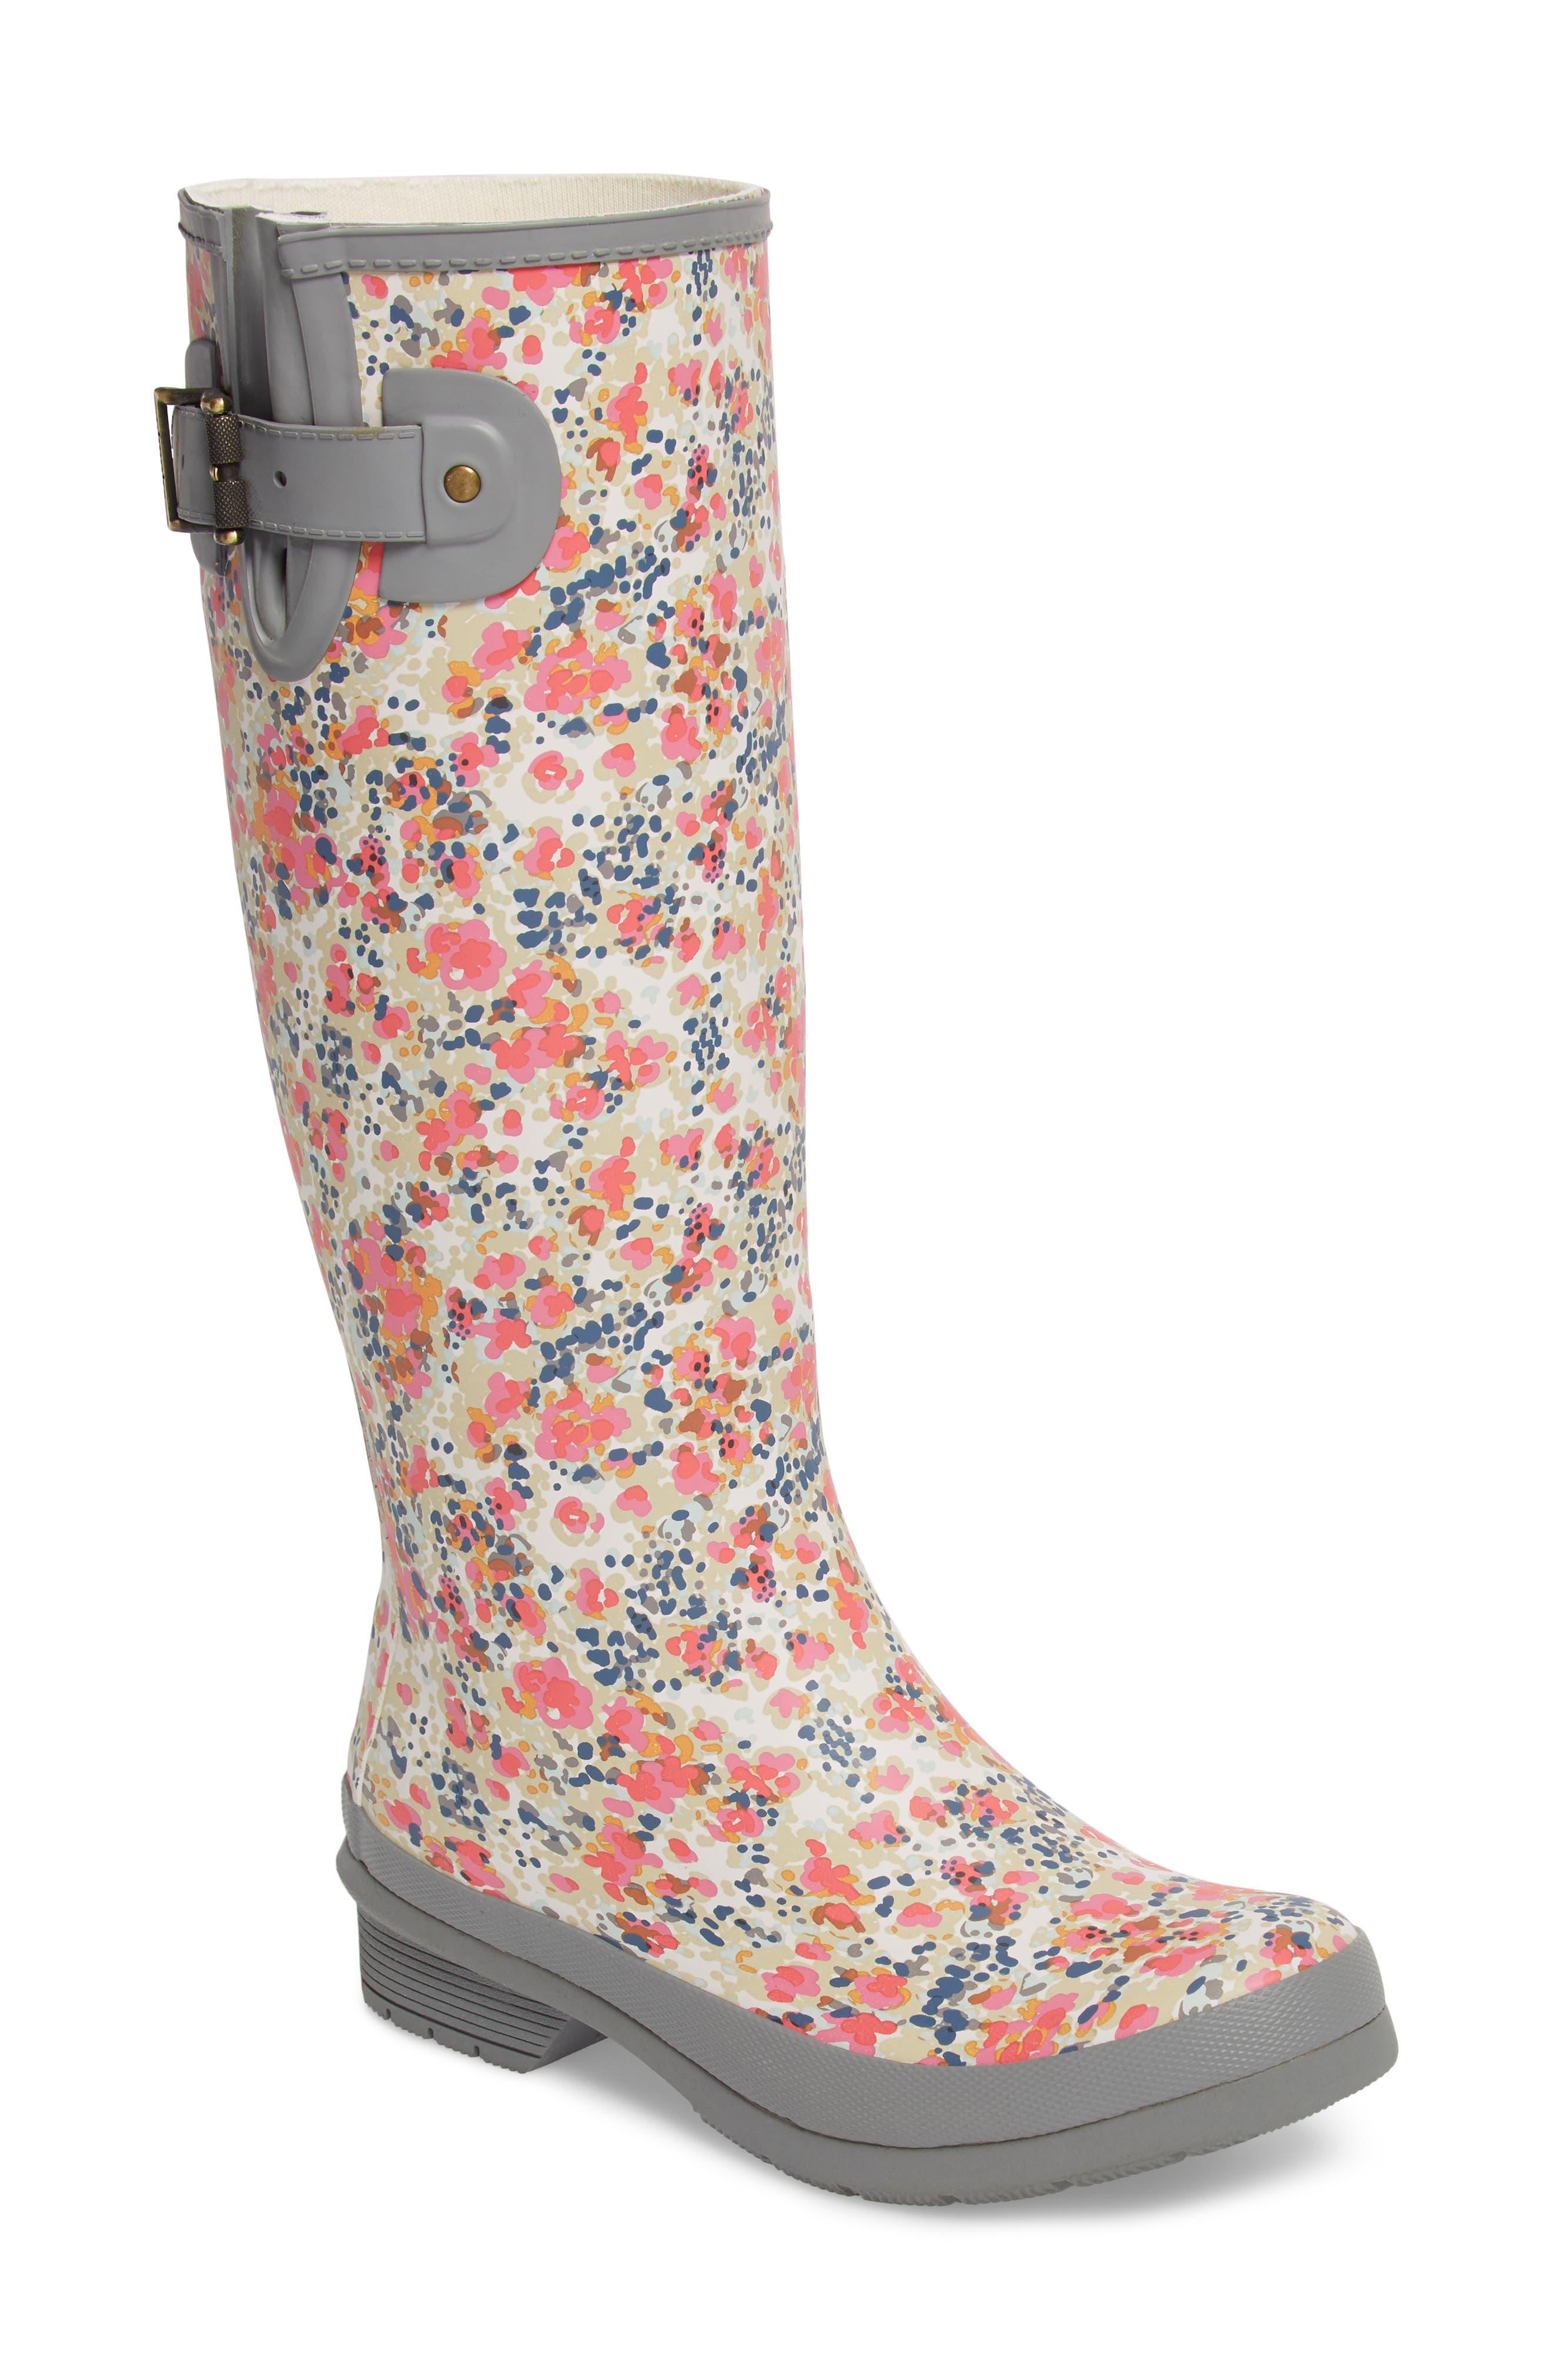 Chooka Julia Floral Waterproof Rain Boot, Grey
...
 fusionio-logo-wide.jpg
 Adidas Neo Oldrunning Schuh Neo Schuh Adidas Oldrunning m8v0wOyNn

● EXERCISE BRIEF: The expected output is exactly the lines of the listing above between the line holding "fusionio-logo-wide.jpg" and the line holding "Adidas Neo Oldrunning", inclusive.

● YOUR RESPONSE:
 fusionio-logo-wide.jpg
 Adidas Neo Oldrunning Schuh Neo Schuh Adidas Oldrunning m8v0wOyNn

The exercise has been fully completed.